■ DATA TO USE

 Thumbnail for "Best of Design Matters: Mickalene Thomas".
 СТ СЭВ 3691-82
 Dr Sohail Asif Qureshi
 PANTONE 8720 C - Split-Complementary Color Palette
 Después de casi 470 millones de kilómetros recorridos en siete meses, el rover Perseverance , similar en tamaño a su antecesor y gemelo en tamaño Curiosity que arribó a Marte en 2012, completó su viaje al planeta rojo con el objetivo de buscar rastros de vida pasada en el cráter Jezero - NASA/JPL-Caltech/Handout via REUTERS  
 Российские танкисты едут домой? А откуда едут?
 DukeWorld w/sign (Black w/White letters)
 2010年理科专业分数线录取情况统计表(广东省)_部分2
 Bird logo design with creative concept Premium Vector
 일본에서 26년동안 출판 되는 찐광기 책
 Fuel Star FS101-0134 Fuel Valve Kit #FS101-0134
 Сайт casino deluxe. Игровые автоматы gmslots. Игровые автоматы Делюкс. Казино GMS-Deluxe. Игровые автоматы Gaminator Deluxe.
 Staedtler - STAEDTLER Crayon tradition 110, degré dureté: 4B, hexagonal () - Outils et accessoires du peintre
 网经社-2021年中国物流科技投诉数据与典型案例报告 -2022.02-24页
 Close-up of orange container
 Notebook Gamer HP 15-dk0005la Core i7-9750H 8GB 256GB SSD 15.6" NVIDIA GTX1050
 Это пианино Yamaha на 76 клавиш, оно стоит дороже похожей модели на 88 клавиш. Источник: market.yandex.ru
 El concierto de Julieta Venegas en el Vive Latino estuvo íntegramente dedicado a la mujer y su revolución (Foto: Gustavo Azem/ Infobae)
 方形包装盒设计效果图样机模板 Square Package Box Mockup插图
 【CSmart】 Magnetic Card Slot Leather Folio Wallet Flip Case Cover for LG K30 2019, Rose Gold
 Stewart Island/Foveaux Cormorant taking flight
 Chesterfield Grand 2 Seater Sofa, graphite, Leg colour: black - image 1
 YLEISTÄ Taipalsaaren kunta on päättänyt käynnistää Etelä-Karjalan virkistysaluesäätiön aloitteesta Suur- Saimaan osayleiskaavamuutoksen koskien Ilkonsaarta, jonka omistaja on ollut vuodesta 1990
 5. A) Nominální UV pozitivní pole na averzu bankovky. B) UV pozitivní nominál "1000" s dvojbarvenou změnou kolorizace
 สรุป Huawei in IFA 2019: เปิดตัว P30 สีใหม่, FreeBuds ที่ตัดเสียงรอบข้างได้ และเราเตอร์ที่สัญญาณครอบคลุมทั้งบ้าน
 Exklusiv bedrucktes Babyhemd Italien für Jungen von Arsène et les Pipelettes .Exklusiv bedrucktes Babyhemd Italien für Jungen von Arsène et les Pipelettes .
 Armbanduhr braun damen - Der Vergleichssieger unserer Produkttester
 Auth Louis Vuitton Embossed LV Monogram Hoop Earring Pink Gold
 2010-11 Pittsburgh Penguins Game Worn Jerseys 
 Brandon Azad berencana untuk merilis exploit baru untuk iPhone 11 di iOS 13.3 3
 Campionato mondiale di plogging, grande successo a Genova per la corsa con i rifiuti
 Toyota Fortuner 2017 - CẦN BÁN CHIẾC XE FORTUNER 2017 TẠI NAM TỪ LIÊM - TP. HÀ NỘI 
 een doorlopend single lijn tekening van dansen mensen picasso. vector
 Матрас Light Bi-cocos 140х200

■ TASK DESCRIPTION
Exactly as they appear, write out the lines from the one containing "Toyota Fortuner 2017" through the final line of the entries above, both included.

■ ANSWER FOR THIS EXERCISE
 Toyota Fortuner 2017 - CẦN BÁN CHIẾC XE FORTUNER 2017 TẠI NAM TỪ LIÊM - TP. HÀ NỘI 
 een doorlopend single lijn tekening van dansen mensen picasso. vector
 Матрас Light Bi-cocos 140х200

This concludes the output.